Но и въ одиннадцатый часъ дорогой мистеръ Годфрей, вѣчно готовый добромъ платить за зло, еще разъ попробовалъ пощадить ее.
— Не разспрашивайте меня, Рахиль, оказалъ онъ. — Объ этомъ лучше вовсе забыть, право лучше.
— Я хочу это знать! закричала она неистовымъ, громкимъ голосомъ.
— Говорите, Годфрей! умоляла моя тетушка. — Ничто такъ не вредно для нея, какъ настоящее ваше молчаніе.
Прекрасные глаза мистера Годфрея наполнились слезами. Онъ бросилъ на нее послѣдній умоляющій взглядъ и затѣмъ проговорилъ роковыя слова:
— Слушайте же, Рахиль, молва говоритъ, что Лунный камень заложенъ мистеру Локеру, и что заложилъ его я.
Она съ крикомъ вскочила по стула и такъ дико начала озираться, то на тетушку, то на мистера Годфрея, что я, право, сочла ее за сумашедшую.
— Не говорите со мной! Не прикасайтесь ко мнѣ, воскликнула она, убѣгая отъ насъ въ дальній уголъ комнаты (словно преслѣдуемый звѣрь). Это моя вина, и я же сама должна исправить ее. Я пожертвовала собой, я имѣла право сдѣлать это, если хотѣла. Но смотрѣть равнодушно, какъ гибнетъ невинный человѣкъ; хранить тайну и тѣмъ самымъ позорить его доброе имя, — о, Боже правый, это слишкомъ ужасно! это просто невыносимо!
Тетушка приподнялась было наполовину съ своего кресла, но внезапно опять опустилась въ него и потихоньку подозвавъ меня къ себѣ, указала на маленькую сткляночку, лежавшую въ ея рабочей корзинкѣ.
— Скорѣе, прошептала они. — Дайте мнѣ шесть капель въ водѣ, да постарайтесь, чтобы Рахиль этого не видала.
При другихъ обстоятельствахъ я нашла бы это весьма страннымъ; но тогда не время было разсуждать, нужно было скорѣе давать лѣкарство. Дорогой мистеръ Годфрей безсознательно помогалъ мнѣ укрываться отъ взоровъ Рахили, утѣшая ее на другомъ концѣ комнаты.
— Увѣряю васъ, что вы преувеличиваете дѣло, говорилъ онъ. — Моя репутація стоитъ такъ высоко, что подобныя глупыя, скоропреходящія сплетни не могутъ повредить ей. Все забудется чрезъ недѣлю. Не станемъ же и мы болѣе возвращаться къ этому предмету.

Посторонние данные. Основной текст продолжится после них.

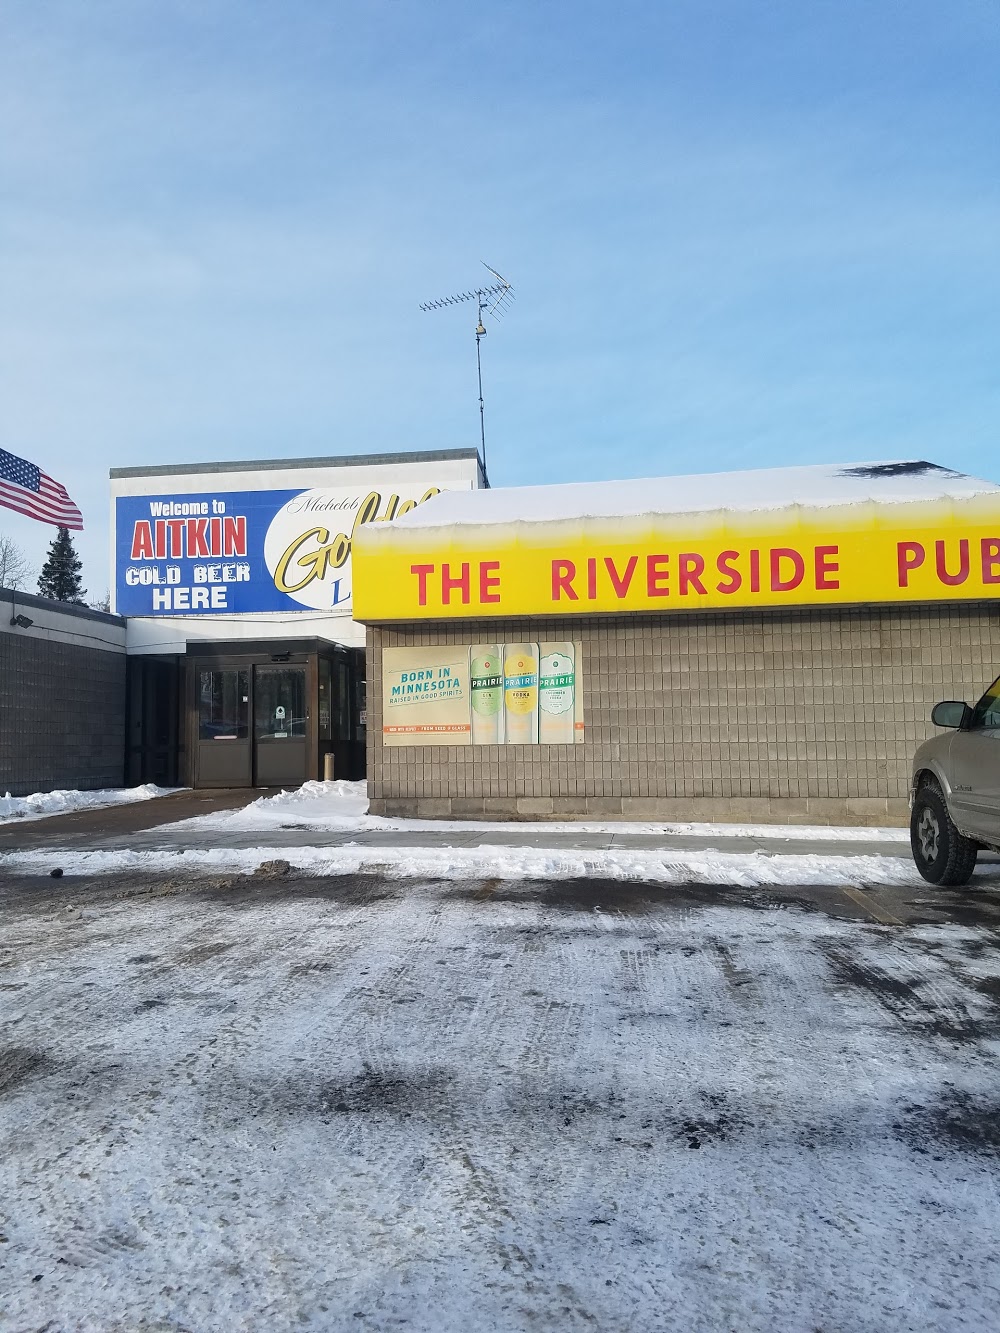 Riverside Pub
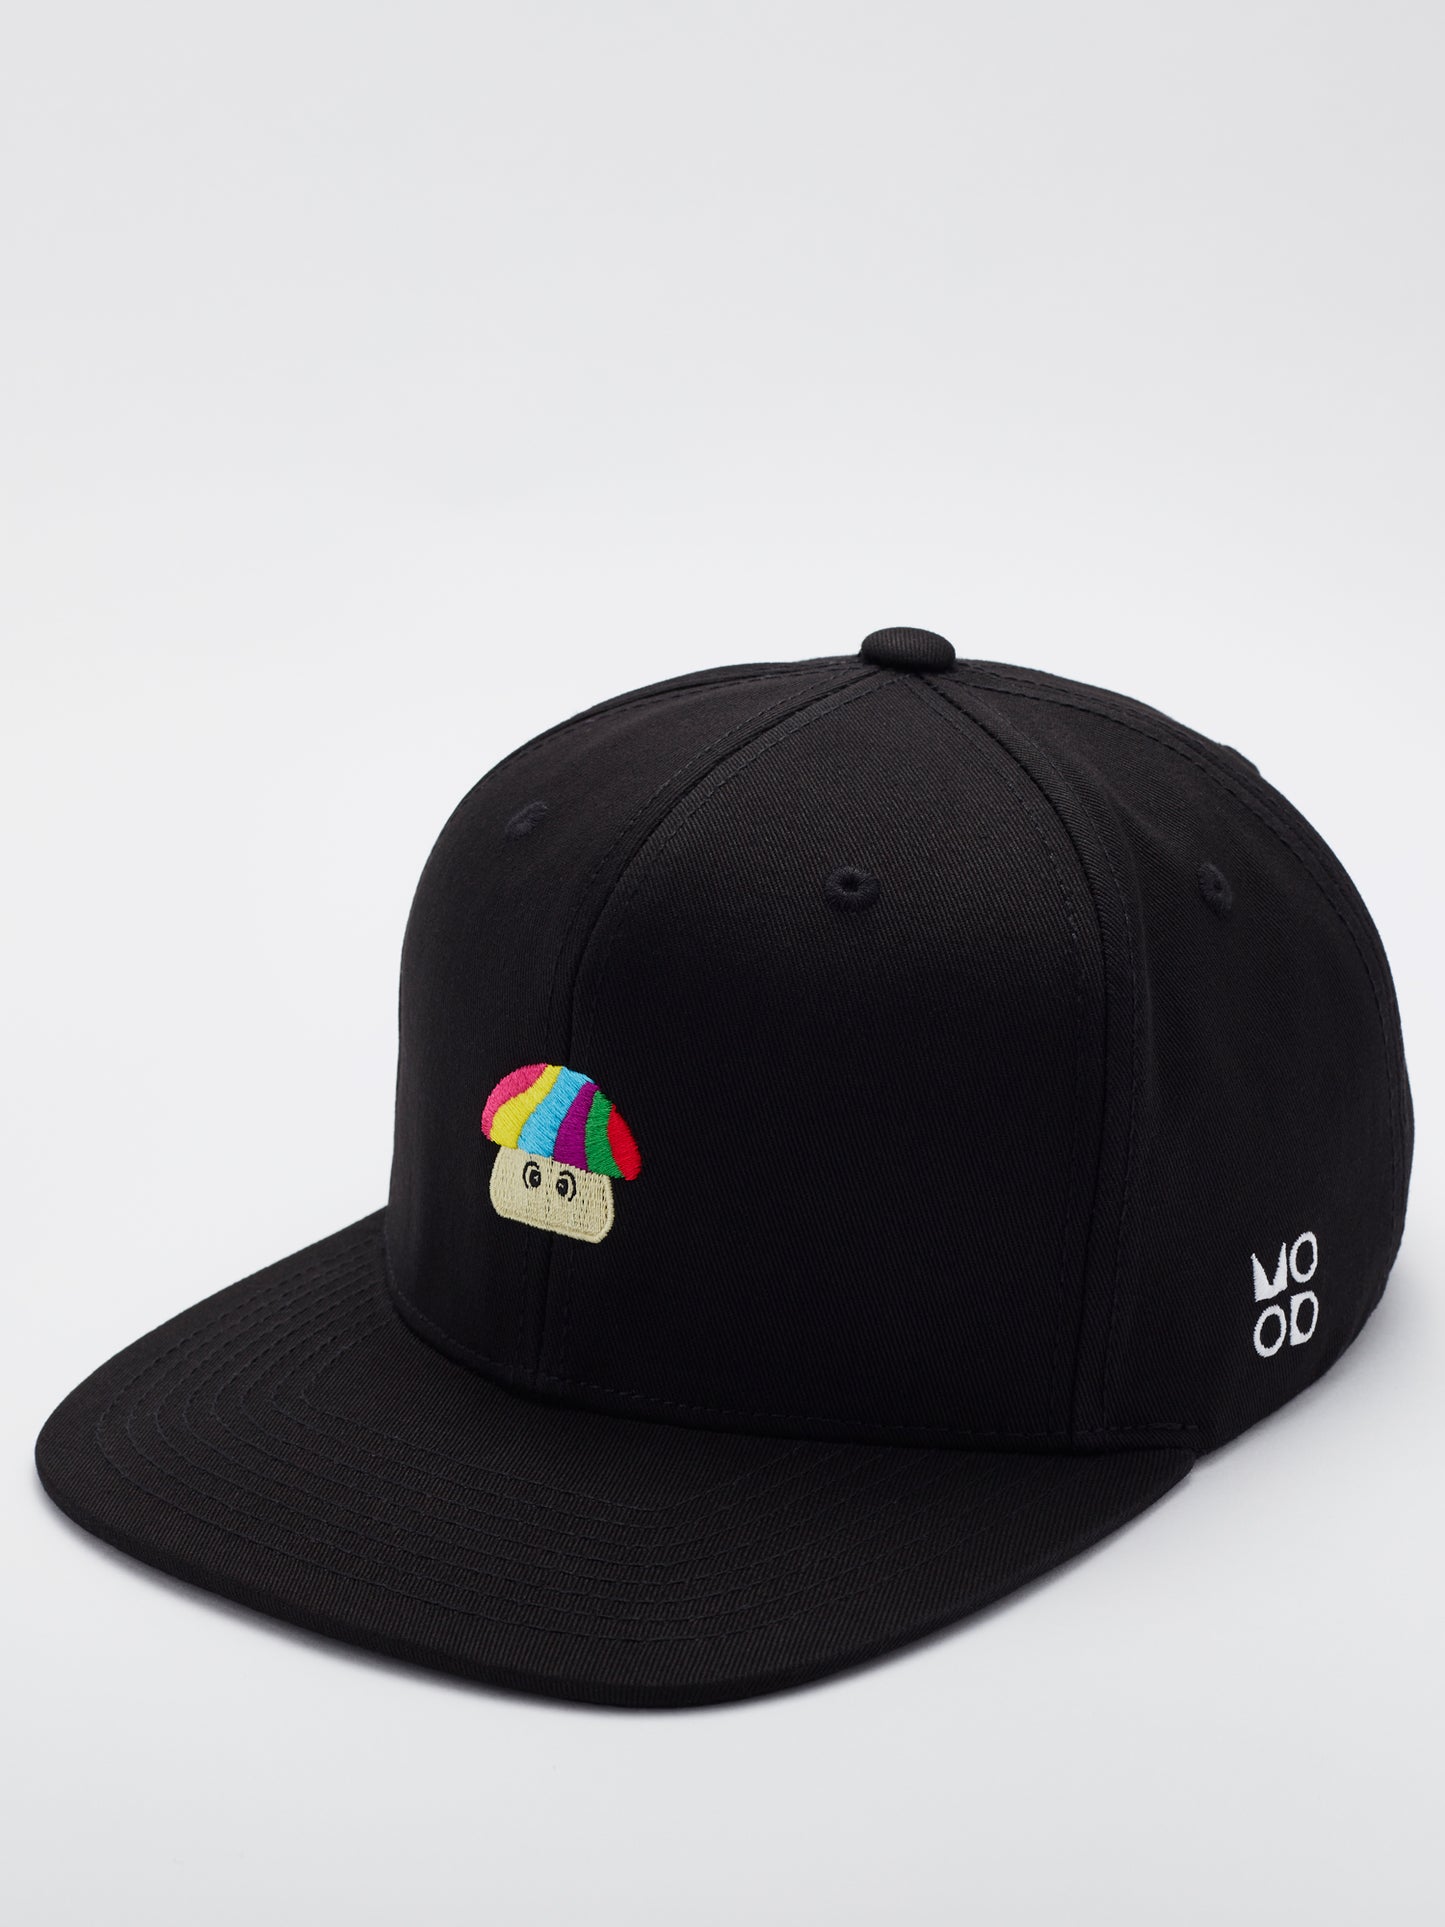 MOOD Brand - Shroom OG baseball cap in black flat brim - side view

Но даже подобное великодушіе не тронуло ея, и она продолжала свое, еще съ большимъ противъ прежняго остервененіемъ.
— Я хочу положить этому конецъ, сказала она. — Мамаша! слушайте, что я скажу. Слушайте и вы, миссъ Клакъ! Я знаю чья рука похитила Лунный камень. Я знаю, — она сдѣлала особенное удареніе на этихъ словахъ и въ бѣшенствѣ топнула ногой. — Я знаю, что Годфрей Абльвайтъ невиненъ! Ведите меня къ судьѣ, Годфрей! Ведите меня къ судьѣ, и я поклянусь ему въ томъ!
Тетушка схватила меня за руку и прошептала:
— Загородите меня на минутку отъ Рахили.
Синеватый оттѣнокъ, появившійся на ея лицѣ, испугалъ меня.
— Капли возстановять меня чрезъ минуту или двѣ, сказала она, замѣтя мое смущеніе, и закрывъ глаза, стала ожидать дѣйствія лѣкарства.
Между тѣмъ какъ это происходило на одномъ концѣ комнаты, на другомъ, въ то же самое время, дорогой мистеръ Годфрей продолжилъ свои кроткія увѣщанія.
— Вамъ не слѣдуетъ публично являться въ подобное мѣсто, сказалъ онъ. — Ваша репутація, дорогая Рахиль, слишкомъ чиста и священна для того чтобы можно было шутить ею.